== Segment start ==
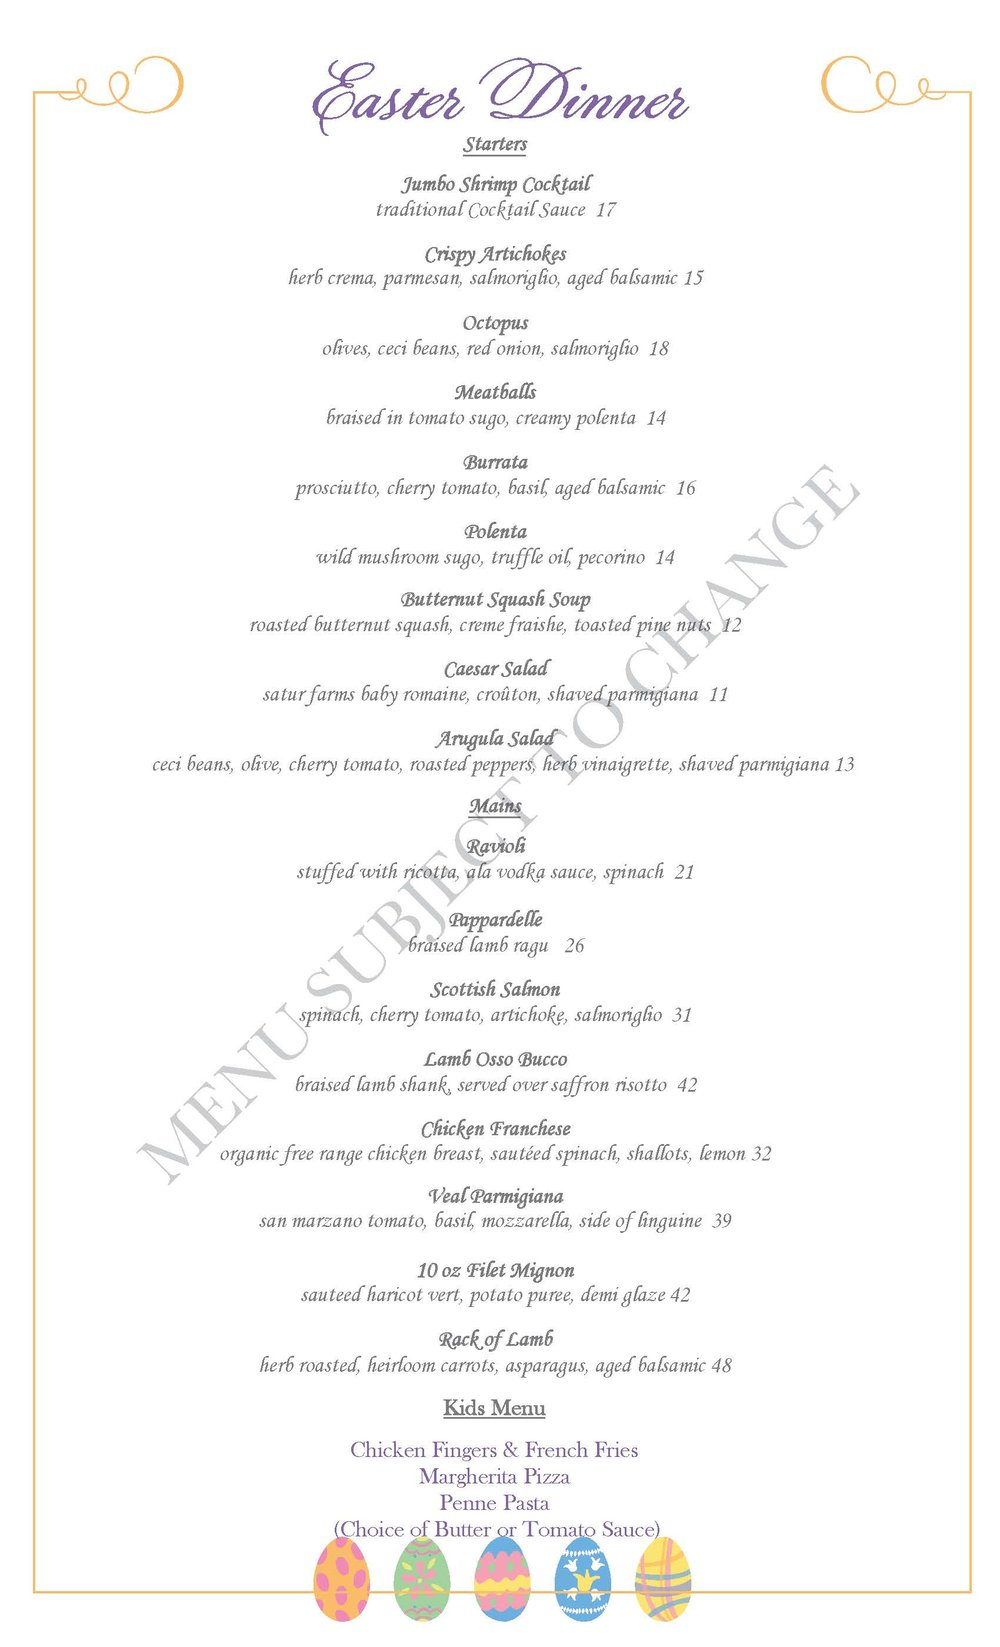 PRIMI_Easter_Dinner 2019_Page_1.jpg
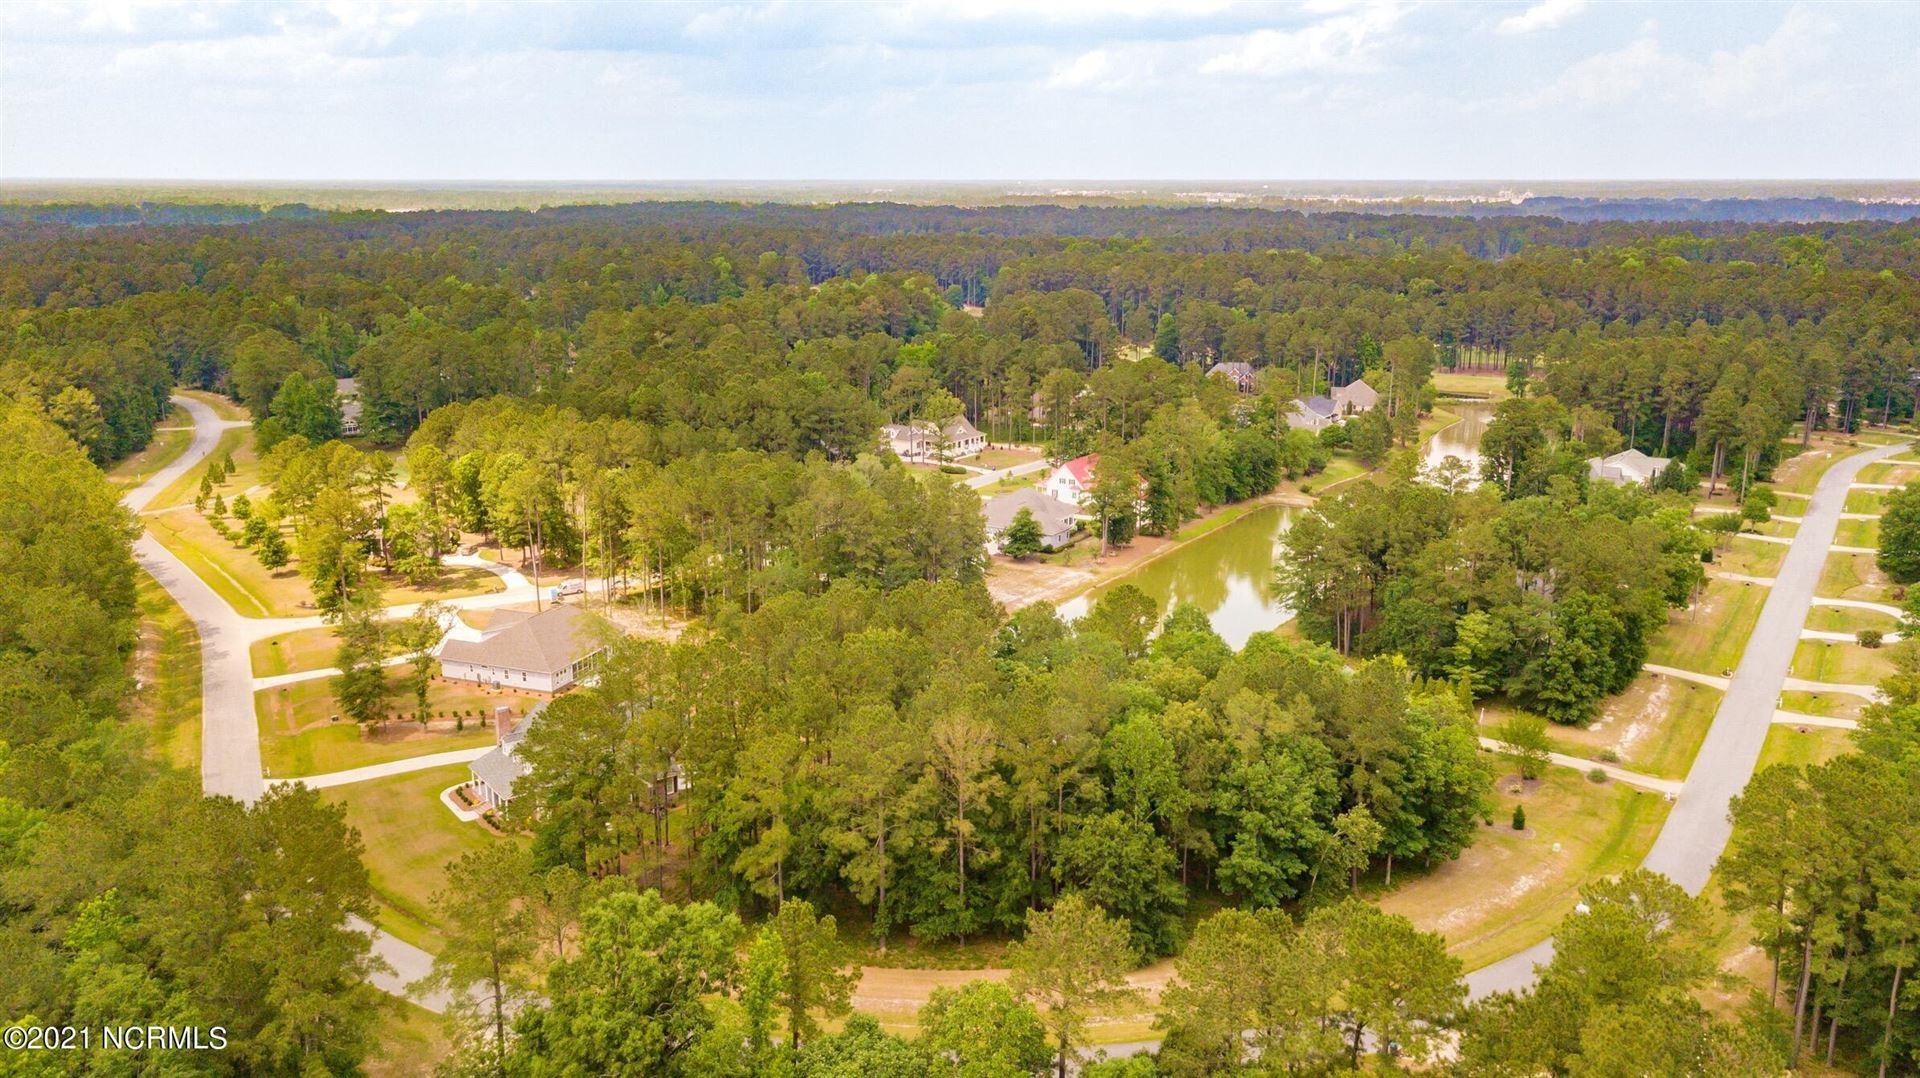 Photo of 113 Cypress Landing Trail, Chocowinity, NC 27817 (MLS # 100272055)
== Segment end ==
== Segment start ==
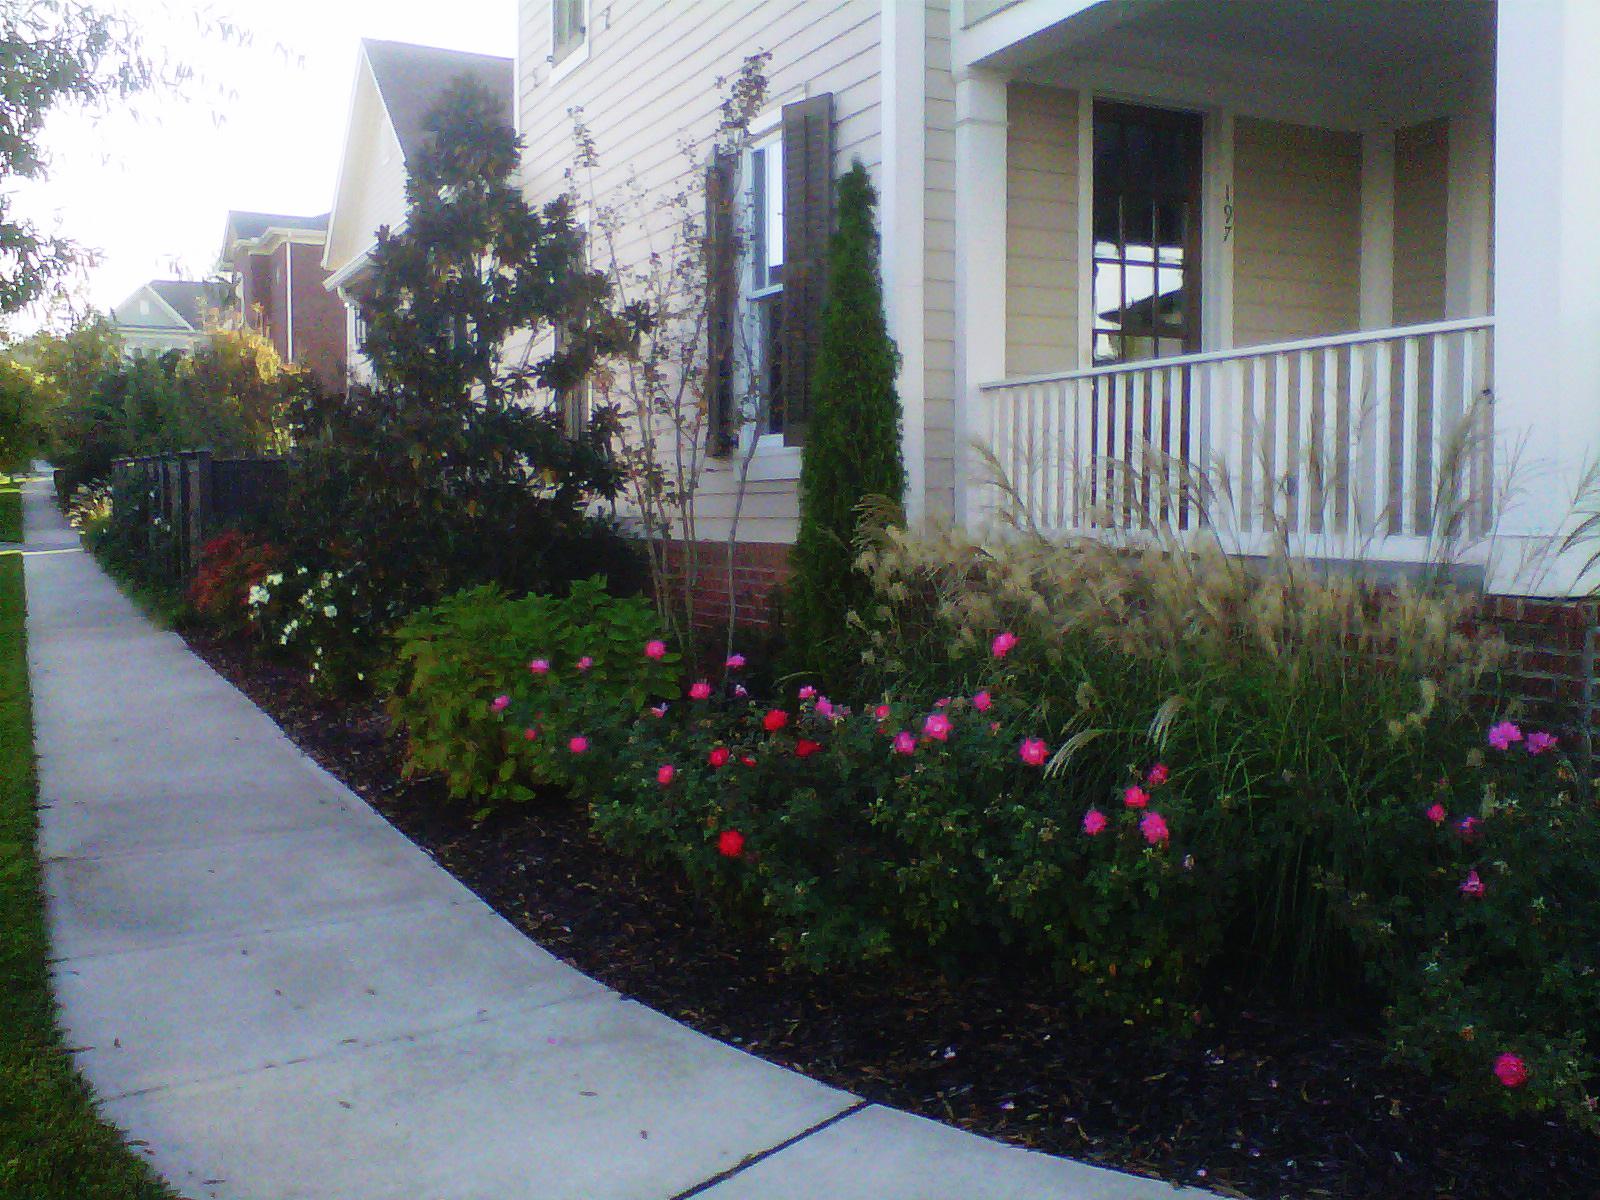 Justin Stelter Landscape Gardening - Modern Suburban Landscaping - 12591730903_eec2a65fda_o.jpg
== Segment end ==
== Segment start ==
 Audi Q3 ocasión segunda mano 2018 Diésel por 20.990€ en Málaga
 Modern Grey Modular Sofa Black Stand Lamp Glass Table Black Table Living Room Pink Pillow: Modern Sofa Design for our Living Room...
== Segment end ==
What to do: Copy out only the lines of the records above from the one with "Audi Q3 ocasión" through the one with "Modern Grey Modular", exactly as they stand, both included.

Expected output:
 Audi Q3 ocasión segunda mano 2018 Diésel por 20.990€ en Málaga
 Modern Grey Modular Sofa Black Stand Lamp Glass Table Black Table Living Room Pink Pillow: Modern Sofa Design for our Living Room...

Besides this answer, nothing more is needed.